Updated: May 28
Everyone wants to be as present as possible for their loved ones, especially as they age or as their health declines. Unfortunately, the demands of life can pull caregivers in too many different directions, forcing them to examine new care options for their loved ones. The search for a caregiver is important, but it can be overwhelming for those who don’t know where to start.
Here is a simple guide with some tips to help families get started in their caregiver search:
Assess Your Needs
Now that families have decided they need help, the next step is figuring out exactly what that assistance looks like. For some, having someone at home to help with daily tasks like laundry, bathing and mealtimes is ideal, while others just want someone to check in every so often. Depending on their own schedules, some families are able to handle the great majority of care and simply want someone to keep an eye on their loved ones for a short block of time, whereas others require more consistent or “hands-on” care. Whatever their needs are, families should get honest about their top priorities and concerns, as well as their own capabilities before moving forward in their caregiver search.
Do Your research
Putting a loved one’s care into the hands of someone else can be nerve-wracking, but today families can choose how involved they want to be in the caregiver selection process.
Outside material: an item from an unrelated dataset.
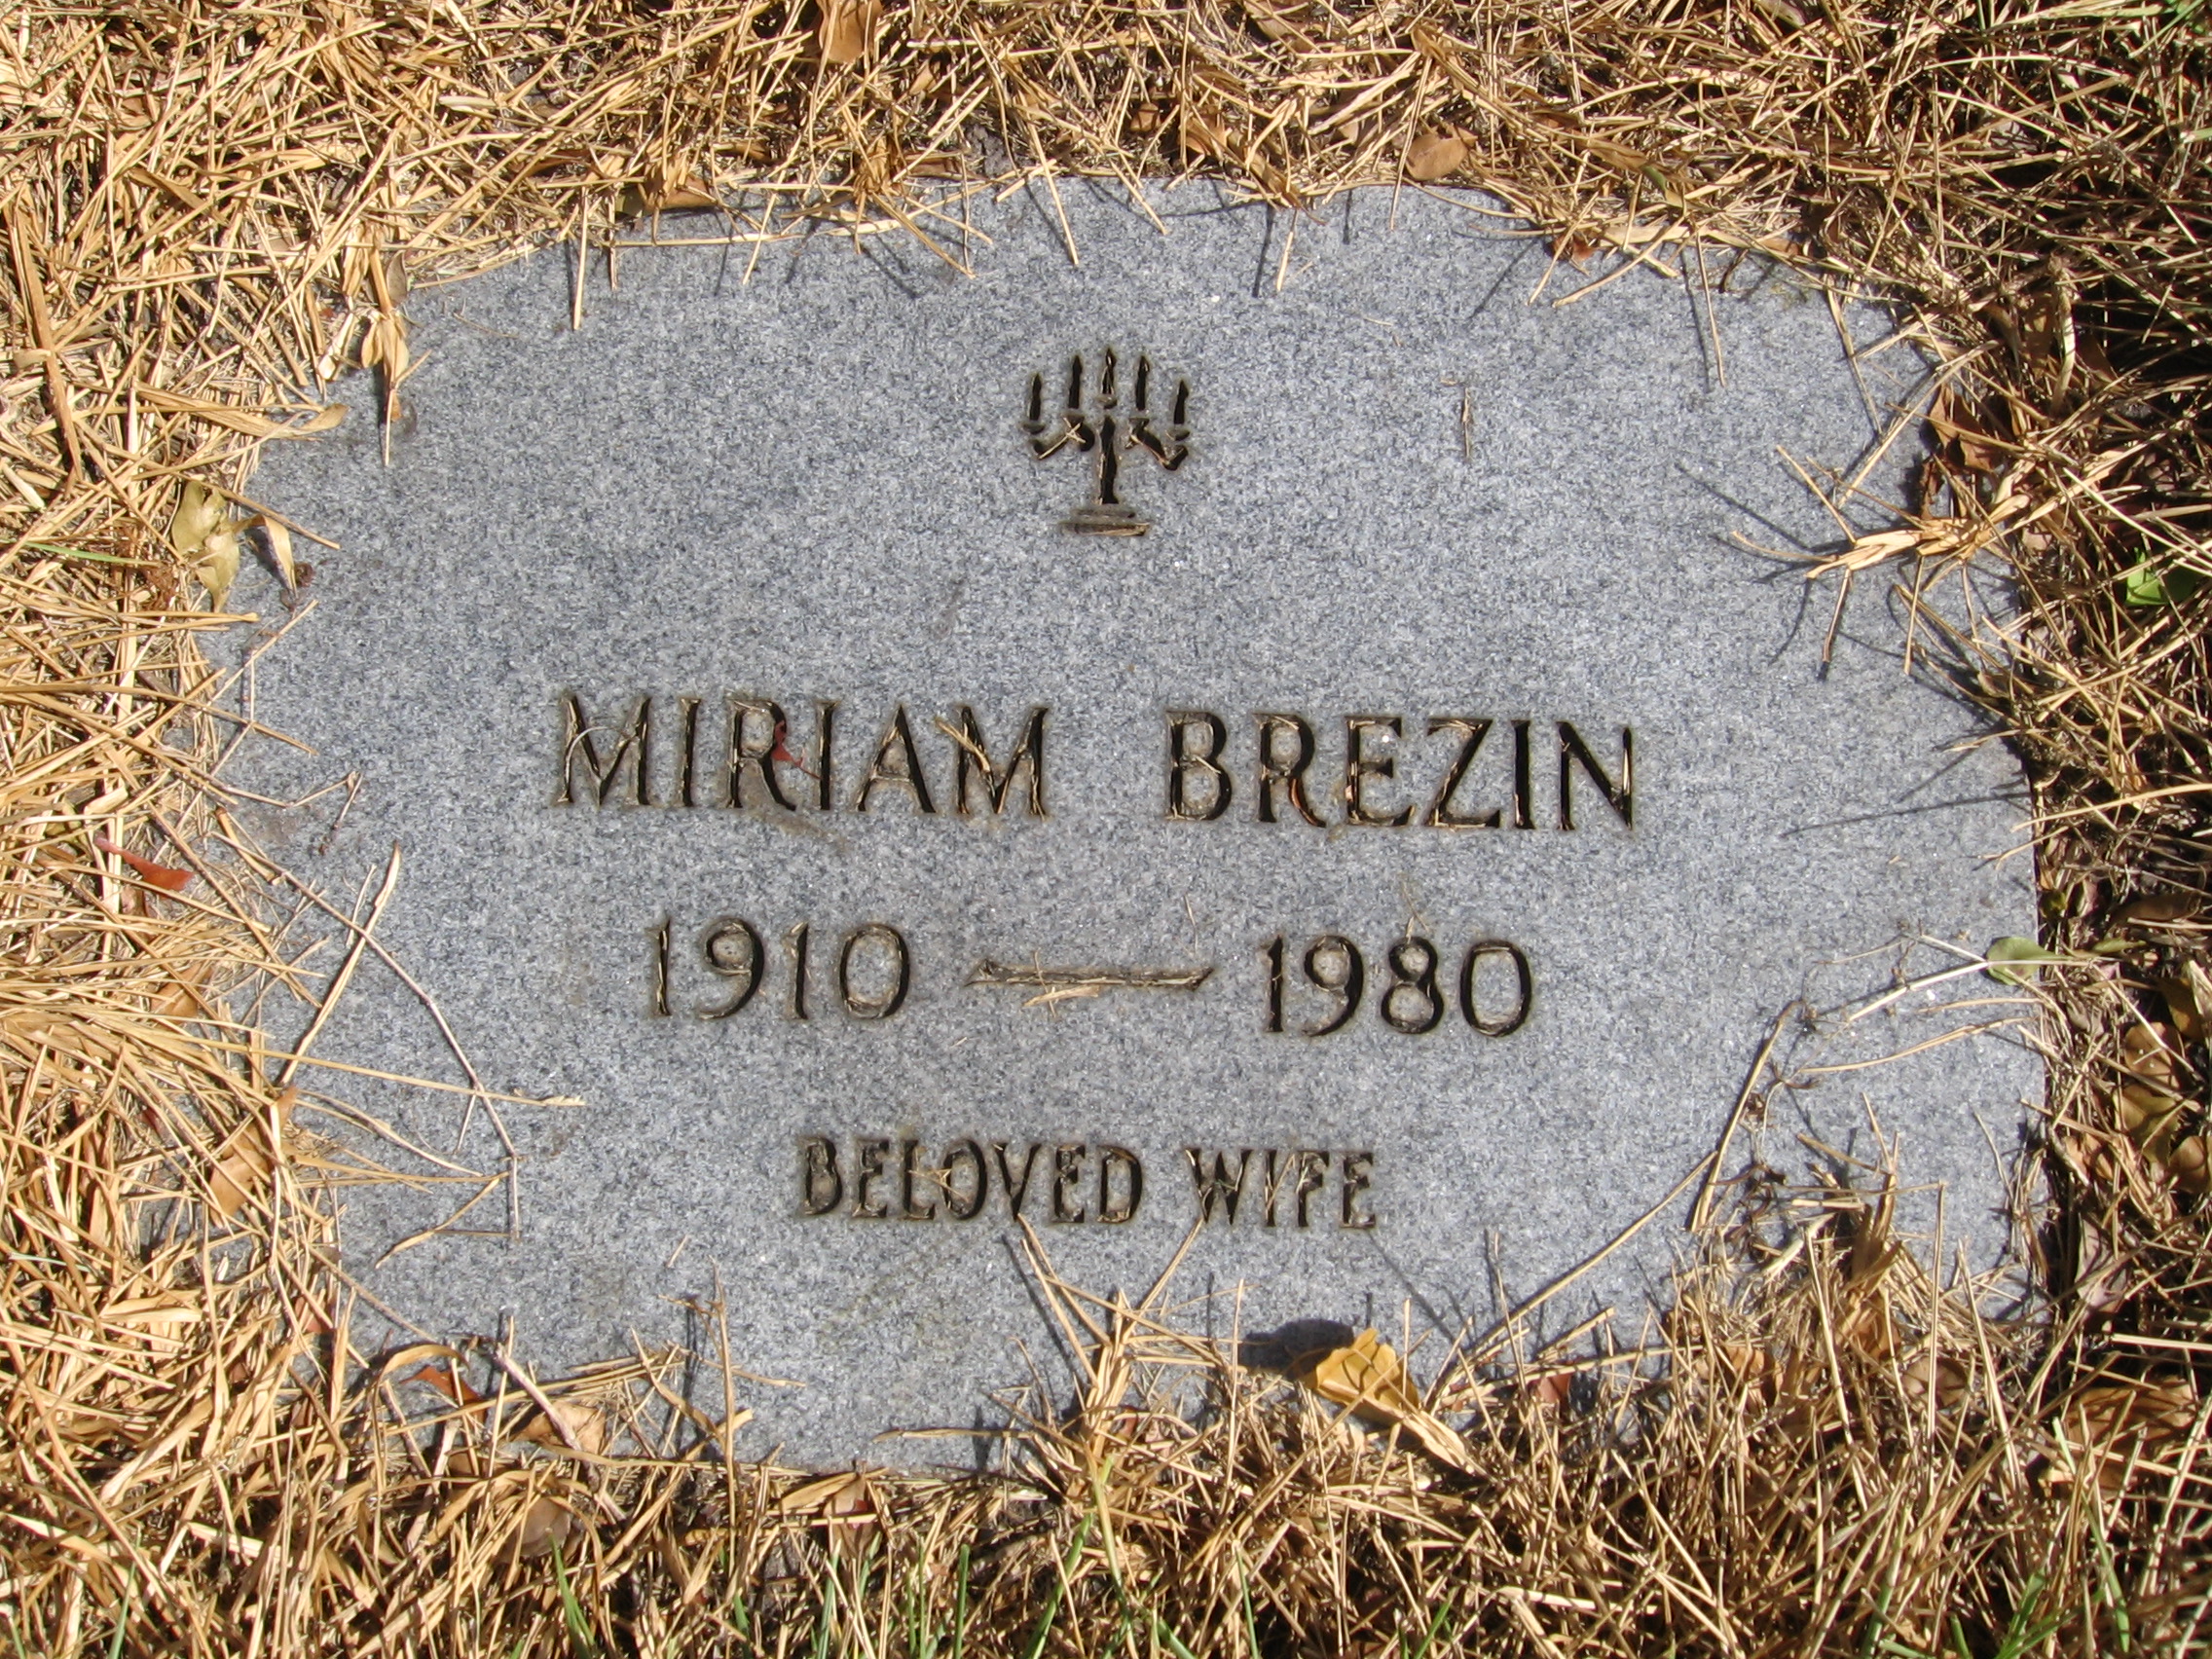 Miriam Brezin
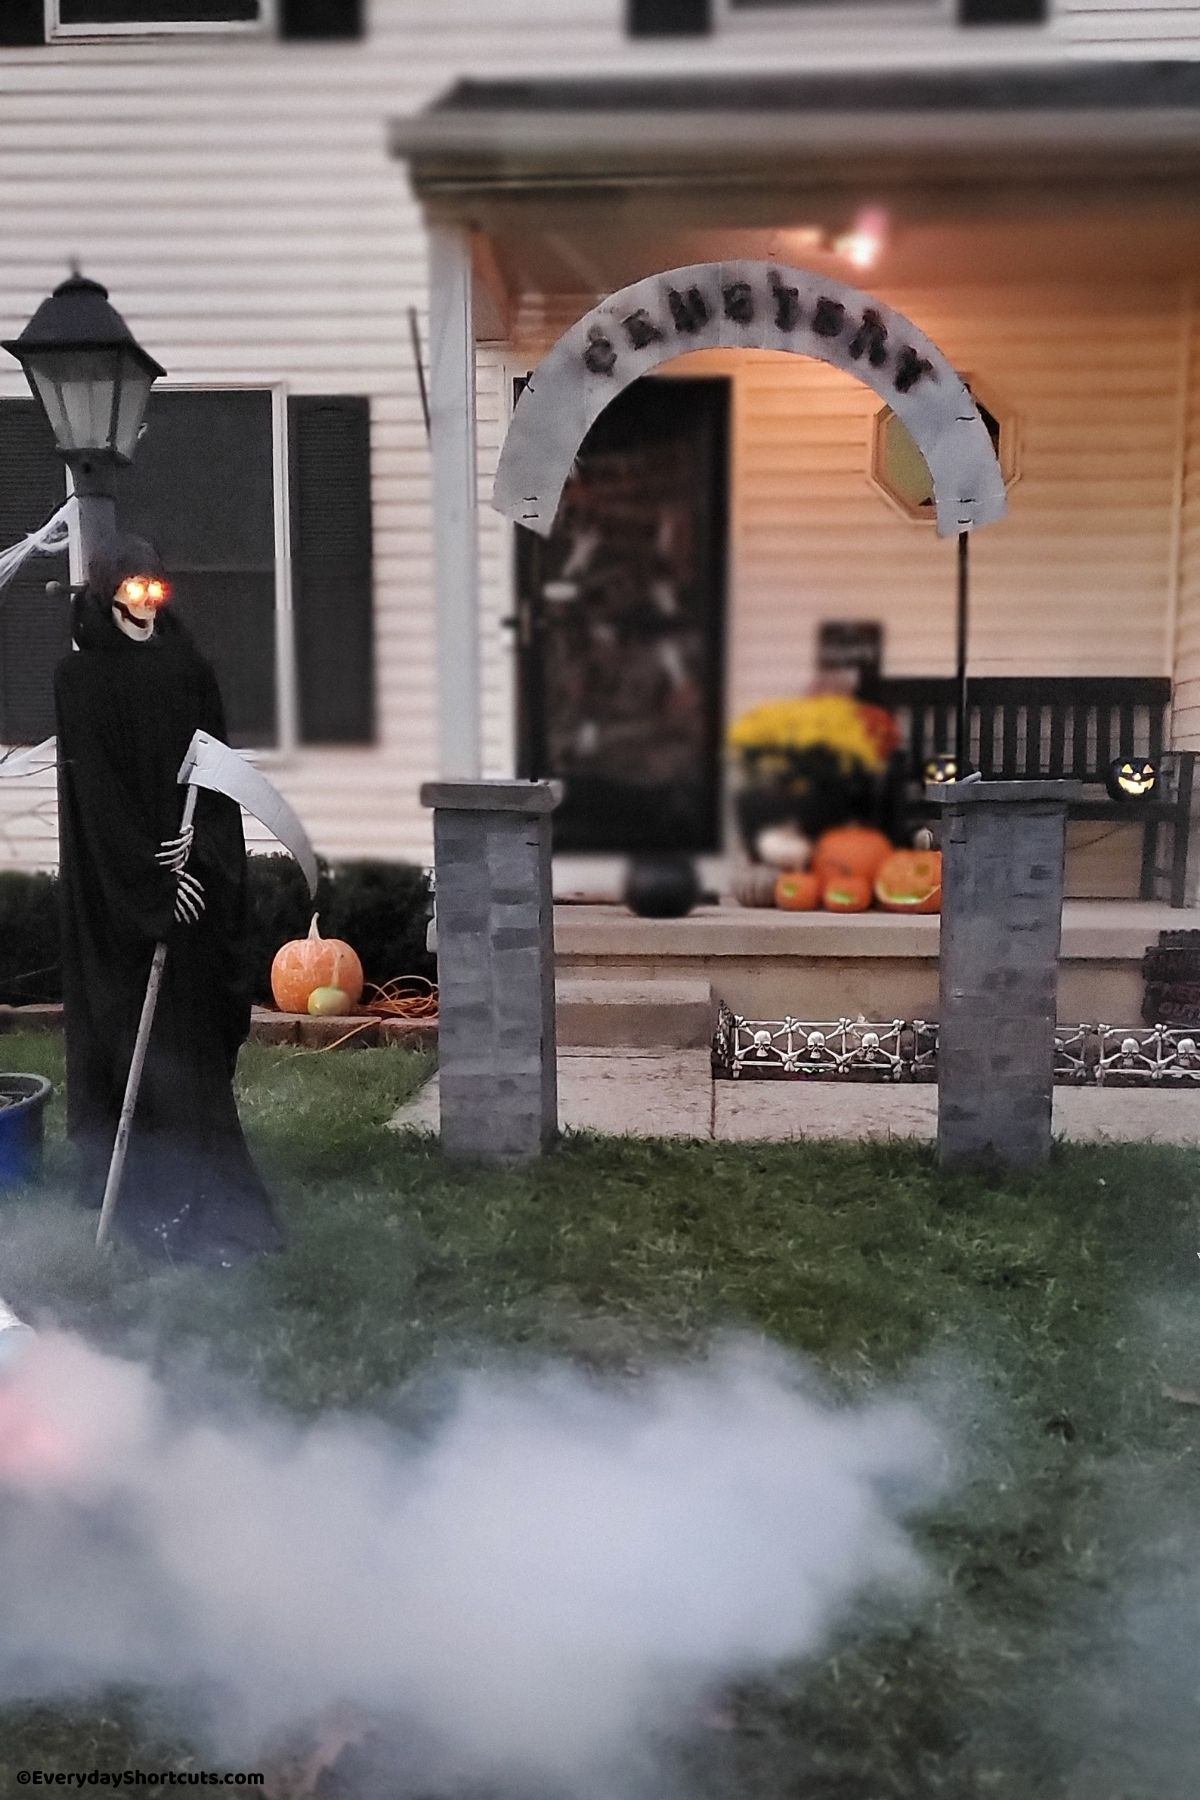 diy grim reaper with glowing eyes in haunted yard cemetery

Tools like care.com allow families to customize their caregiver experience. By visiting the site, families can set their own criteria for a caregiver (i.e. years of experience, certifications, etc.) and how soon they need help. Doing a thorough search can give families peace of mind that their loved ones are in good hands. On the other hand, if families are too overwhelmed to complete the caregiver search on their own, an agency can conveniently pair them with a caregiver based on their specific needs.
Check In With Your Loved One
Despite being the reason for this process, families can get so caught up in the stress or details of their caregiver search that they forget to check in with their sick or aging loved one. Though the need for care may not necessarily be negotiable, the person in need of care will be spending a considerable amount of their time with their new caregiver, so their opinion should be considered. Whether they’re able to help pick out their own caregiver or are allowed to weigh in on the details (like the time or day of the week), it’s important to make sure they are as included in the caregiver selection process as possible.
These are just a few simple tips to help families to consider during their caregiver search!